In the job description line of any general manager of any sports franchise is this task: Compile the best players possible for your roster.
That description gives most GMs wide latitude to pursue whomever they deem necessary to make their team better.
There are exceptions, however. Most Orioles fans, for instance, know that Dan Duquette does not have the kind of open checkbook that his counterparts in the American League East have, to bring in anybody.
But Duquette, who is technically listed as the Orioles’ executive vice president for baseball operations, does have some discretion in who he can bring in.
And he has exercised it in a way that has raised the eyebrows of many around baseball.
Duquette has declared that the Birds will not be players in the free agent sweepstakes expected to launch over Toronto right fielder Jose Bautista.
Bautista, who hit .234 with 22 home runs this past season, earned $14 million last year. While he rejected the Blue Jays’ $17 million qualifying offer, his projected price tag would likely place him in range of what Mark Trumbo, last year’s designated hitter and major league home run champion, would command.
But money is not the stated reason the Orioles don’t want Bautista. No, Duquette said the team has no interest in Bautista because their fans can’t stand him.
Indeed, Duquette told the Baltimore Sun last week that Bautista’s agent has persistently contacted the Orioles to gauge whether the club had a desire to sign him.
And Duquette said he told the agent quote Jose is a villain in Baltimore and I’m not going to go tell our fans we’re courting Jose Bautista for the Orioles because they’re not going to be happy unquote.
Duquette is partially right.

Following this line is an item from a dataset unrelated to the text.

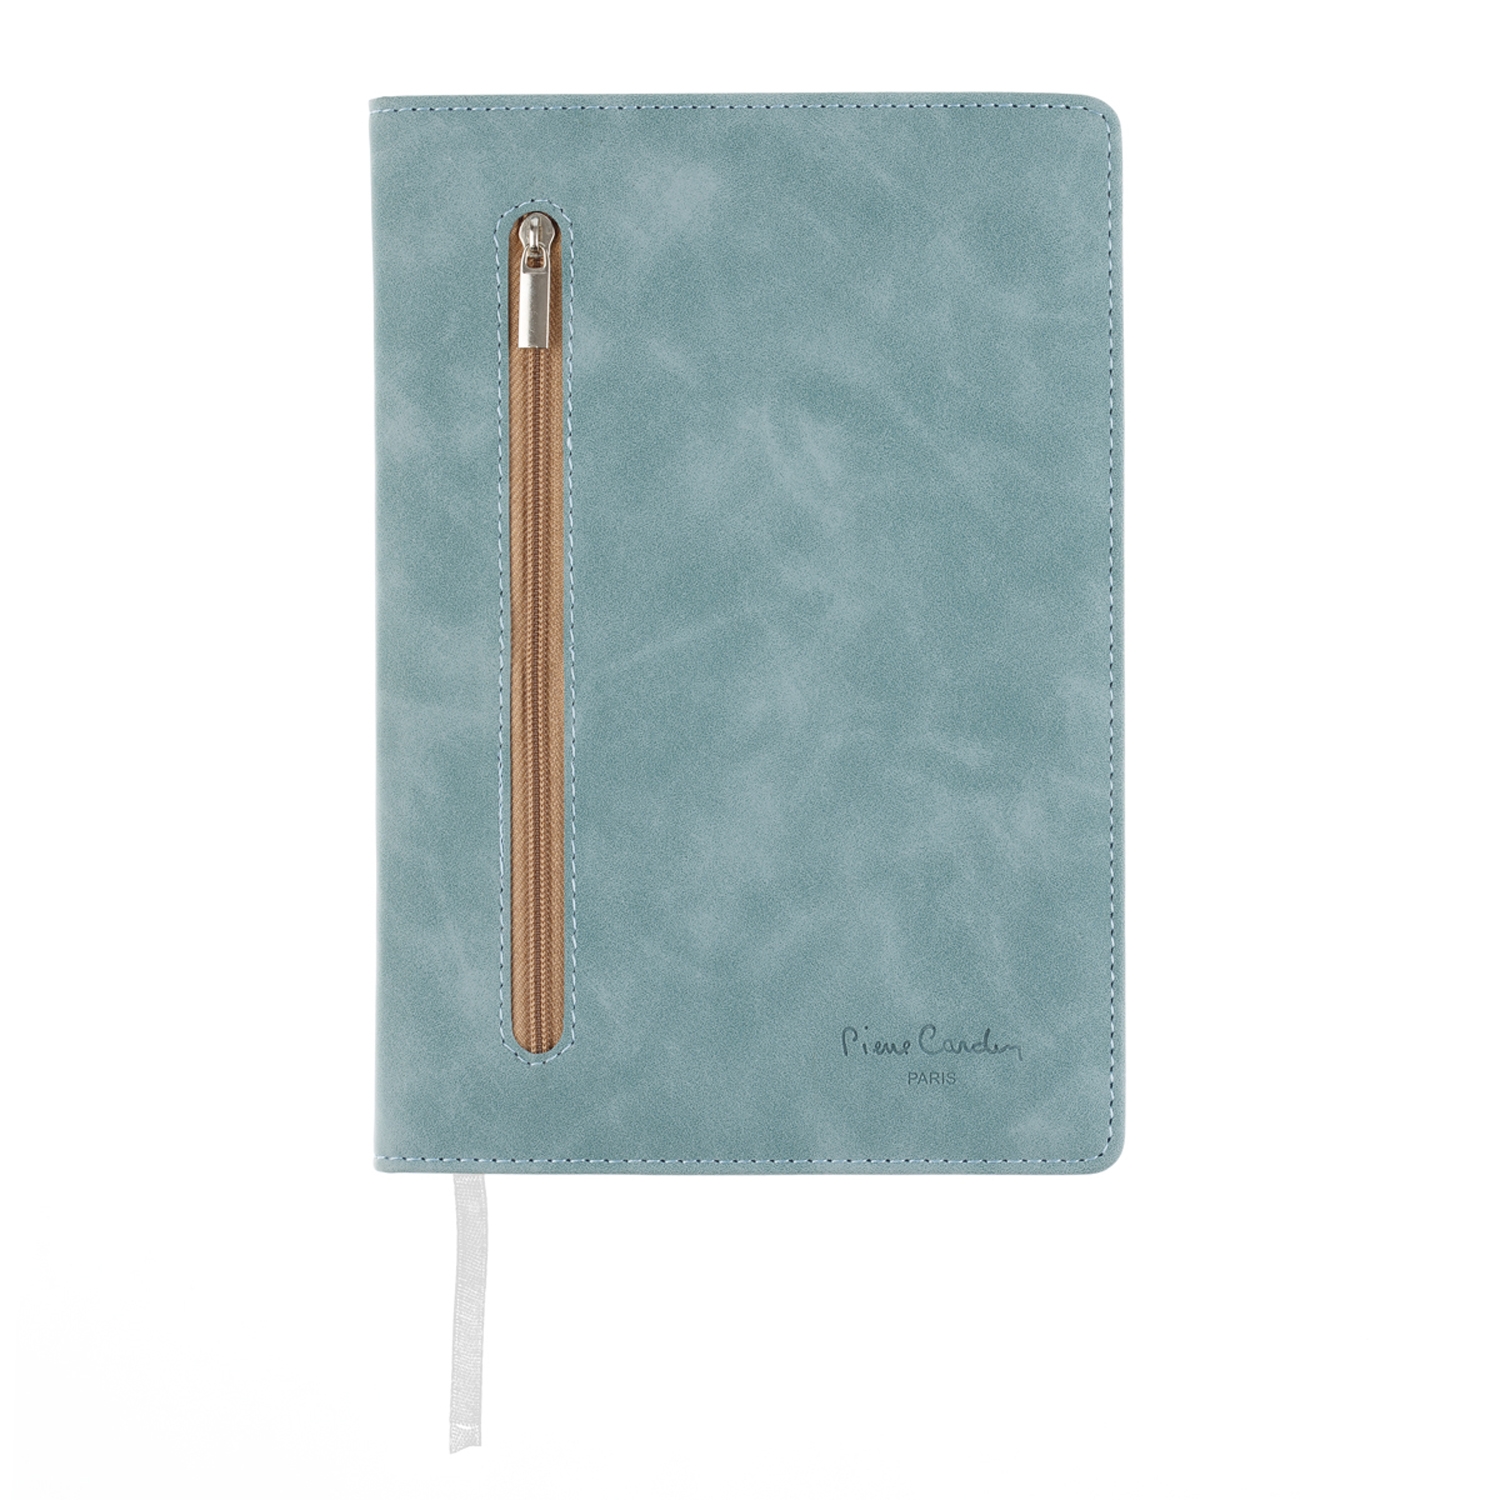 Записная книжка Pierre Cardin голубая, 14 х 20,5 см, голубой

Bautista, who played ever so briefly for the Birds in 2004, is a villain in Baltimore, but he’s also a villain in a lot of other major league cities too.
That’s because Bautista has this habit of drawing attention to himself when he does great things.
In particular, Bautista is fond of standing at home plate when he hits a long home run and admiring his handiwork.
That is, until he flips his bat and takes a self-aggrandizing trip around the bases, but not before occasionally yelling something at the pitcher.
It’s not the kind of thing that endears one to an opposing team. Indeed, Orioles players Adam Jones and Darren O’Day, among others, have taken exception to Bautista’s antics.
And last May, a Texas Rangers player slugged Bautista in the face during a game as retaliation for a Bautista bat flip after a home run in the previous year’s playoffs.
It’s nice to know that someone in officialdom cares about the feelings of fans.
In all likelihood, whatever hostility Orioles fans have toward Bautista would melt away the first few times he cracked home runs while wearing the black and orange.
They got over having Albert Belle, Roberto Alomar and Reggie Jackson in Baltimore. They’d probably get over Jose Bautista too, but let’s hope that theory doesn’t get tested.
And that’s how I see it for this week.